# Old Lake Burton WMA?



## chunt115 (Oct 12, 2009)

Anyone hunt the NF on what used to be Lake Burton WMA.   My brother and I were up there fishing labor day and he had a small one cross the creek on a fallen tree he was fishing  under.  We didn't stick around figured momma was close by.  Saw lots of tracks on the sandbars and banks.


----------



## KPreston (Oct 13, 2009)

*Old lake burton!!!!!!!!!*

I was up there in small game season and there were so many dog hunters up there you could not turn around!  I went back up there one day for bow season and did not even see a track of any kind! ( dog tracks were the only tracks I saw)  But you sure can here the dogs run!!!!  I will not be spending any time up there. KP.


----------



## chunt115 (Oct 13, 2009)

What were they running with dogs?  I didn't think you could hunt bear with dogs in north GA?  thought it was like deer only can run them in south GA.


----------



## KPreston (Oct 13, 2009)

*Lake Burton!*

They can come in and run hogs but the guys from NC bring there treeing walkers!  You do not have to tree a hog!  KP.


----------



## irocz2u (Oct 13, 2009)

coon  hunting  my  guess


----------



## KPreston (Oct 13, 2009)

*Lake Burton!!!!!!!!!1*

No it is hogs i have asked them!!!!!!  KP.


----------



## chunt115 (Oct 13, 2009)

Thanks for the info.  I guess if I go up this weekend, I will stick to fishing.


----------



## win280 (Oct 13, 2009)

Lots of coon hunting in this area.
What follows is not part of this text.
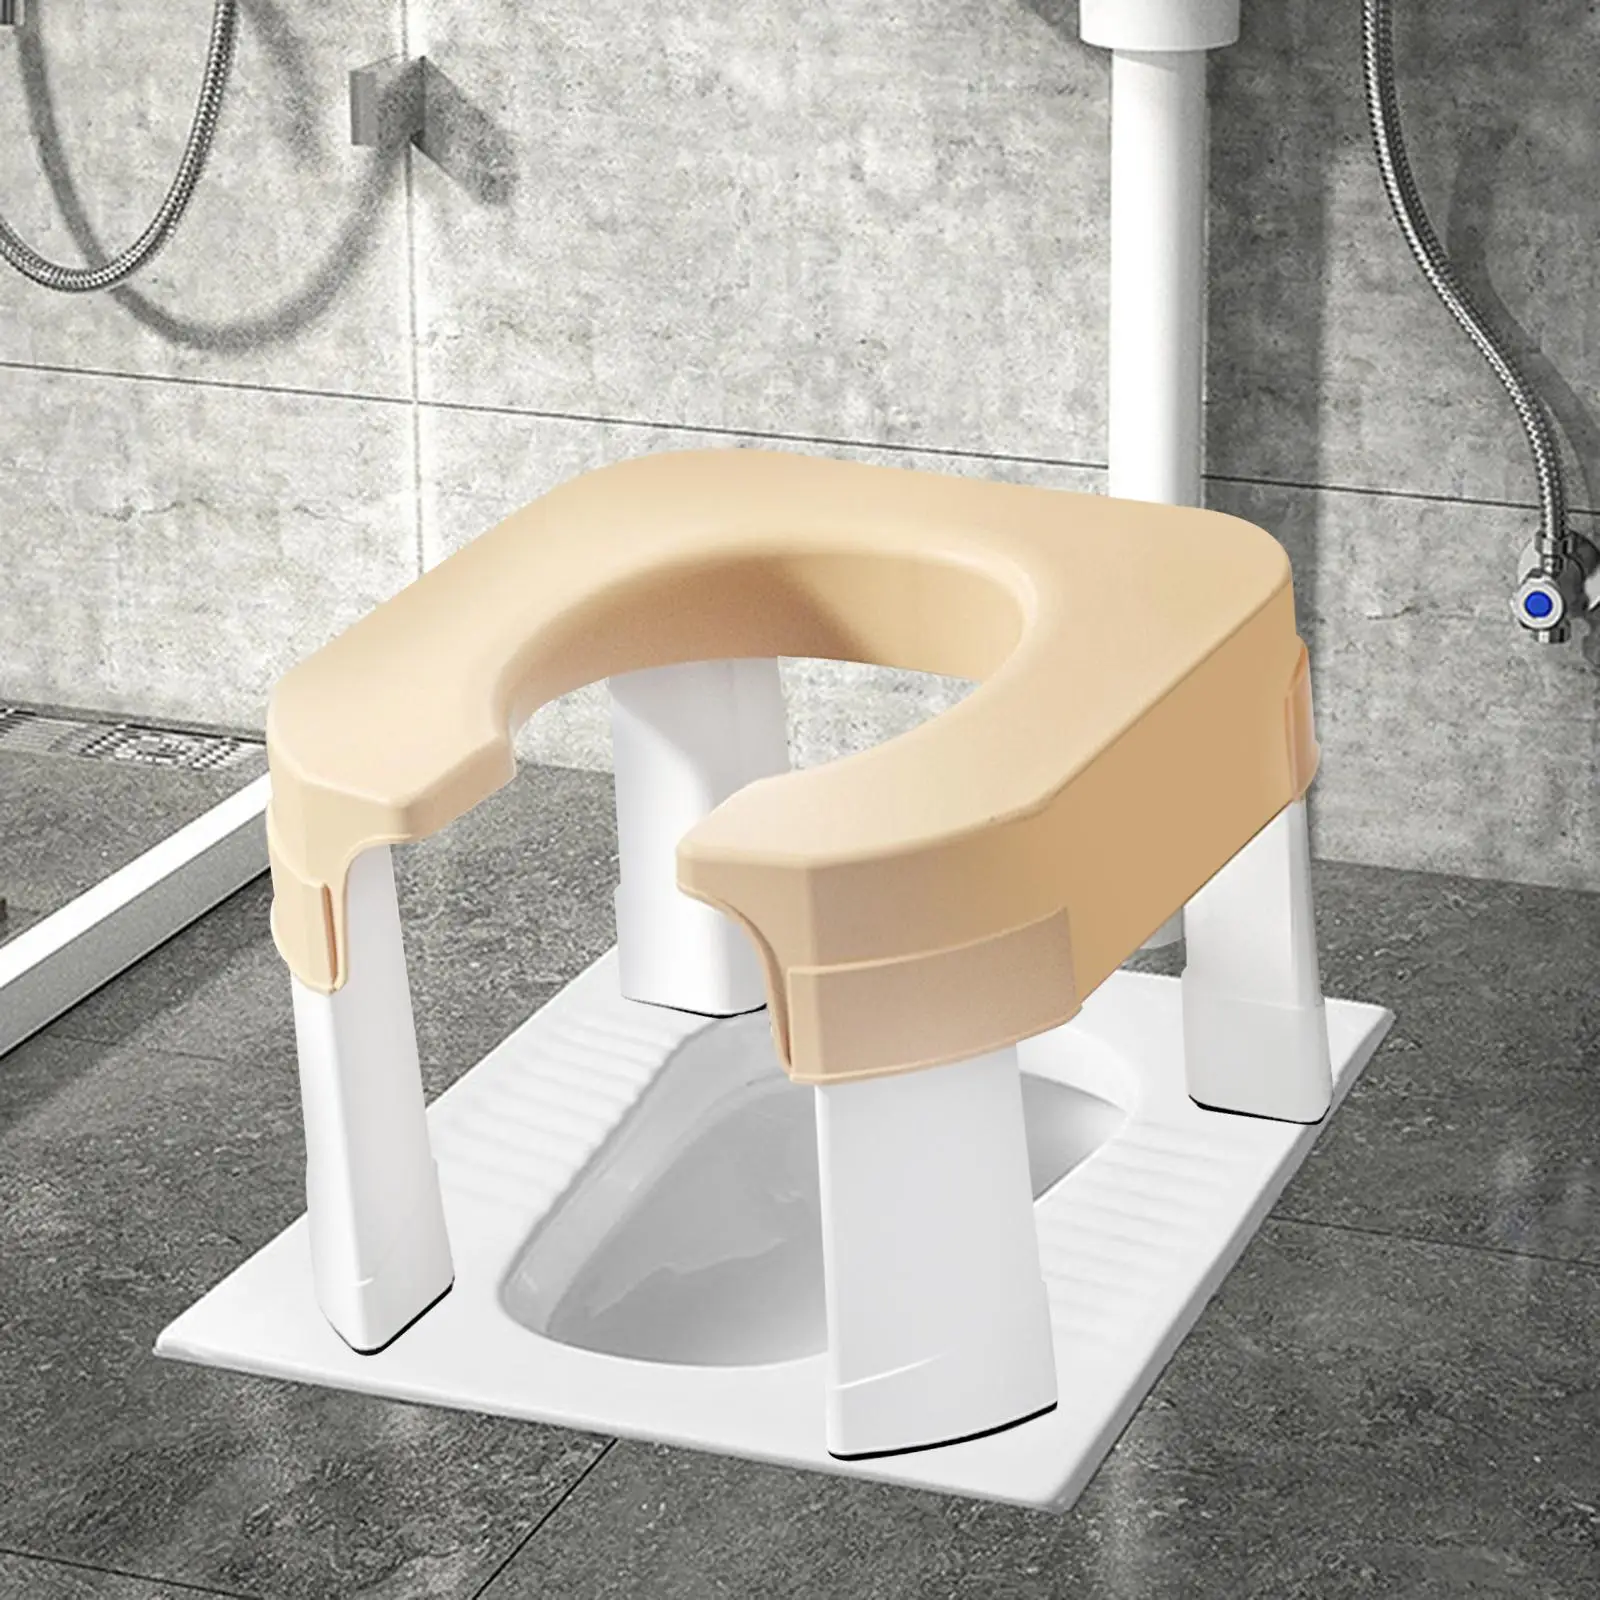 Squat Potty Multifunctional Assistance Compact Bathroom Squating Stool Stool Footrest for Bathroom Toilets Potty

Found lost dogs 2 different times on the side of the road.
Called the owners and met them in Clayton to give them their dogs back. Not even a thank you. Just took the dogs and left.


----------



## cball917 (Oct 13, 2009)

win280 said:


> Lots of coon hunting in this area. Found lost dogs 2 different times on the side of the road.
> Called the owners and met them in Clayton to give them their dogs back. Not even a thank you. Just took the dogs and left.



that does not surprise me, but not all of us up here are like that. burton wma has pretty much gone down hill over the years. there used to be some good hunting but now its just a poor managed place in the woods. the state also cut it out of the budget, i would not look to see it get any better


----------



## Ranmcnally (Oct 19, 2009)

these are alot of times bear dogs. dont let the breed of dogs fool you. they are aggressive with a bear. They bring their dogs down to run the bears. They cant kill them, so they just run them. They also run plotts.


----------



## wiggins7070 (Oct 19, 2009)

i think most people only break their coonhounds from running deer scent but let a hound find another scent it could be bear, hog, cat, it does not matter its a run for the races


----------



## bowirl (Nov 6, 2009)

Hey guys, I have  volunteer to manage the Lake Burton WMA. I have mowed the fields and planted nice food plots. I have put in many hours doing this and I have taken nice hogs , 6 pointer and 2 bears . This area is CLOSELY monitored by the law for people hunting with dogs. I encouarge all of you to hunt and take your family hunting. The persimmon area is the best for bear hunting! If ever your hunting in these neck of the woods and you see dog hunters write down the tag number and call Rabun County police. Most dog hunters come from North Carolina . The Rabun County Police and GA Forrestry Service are working together to resolve this problem. KC


----------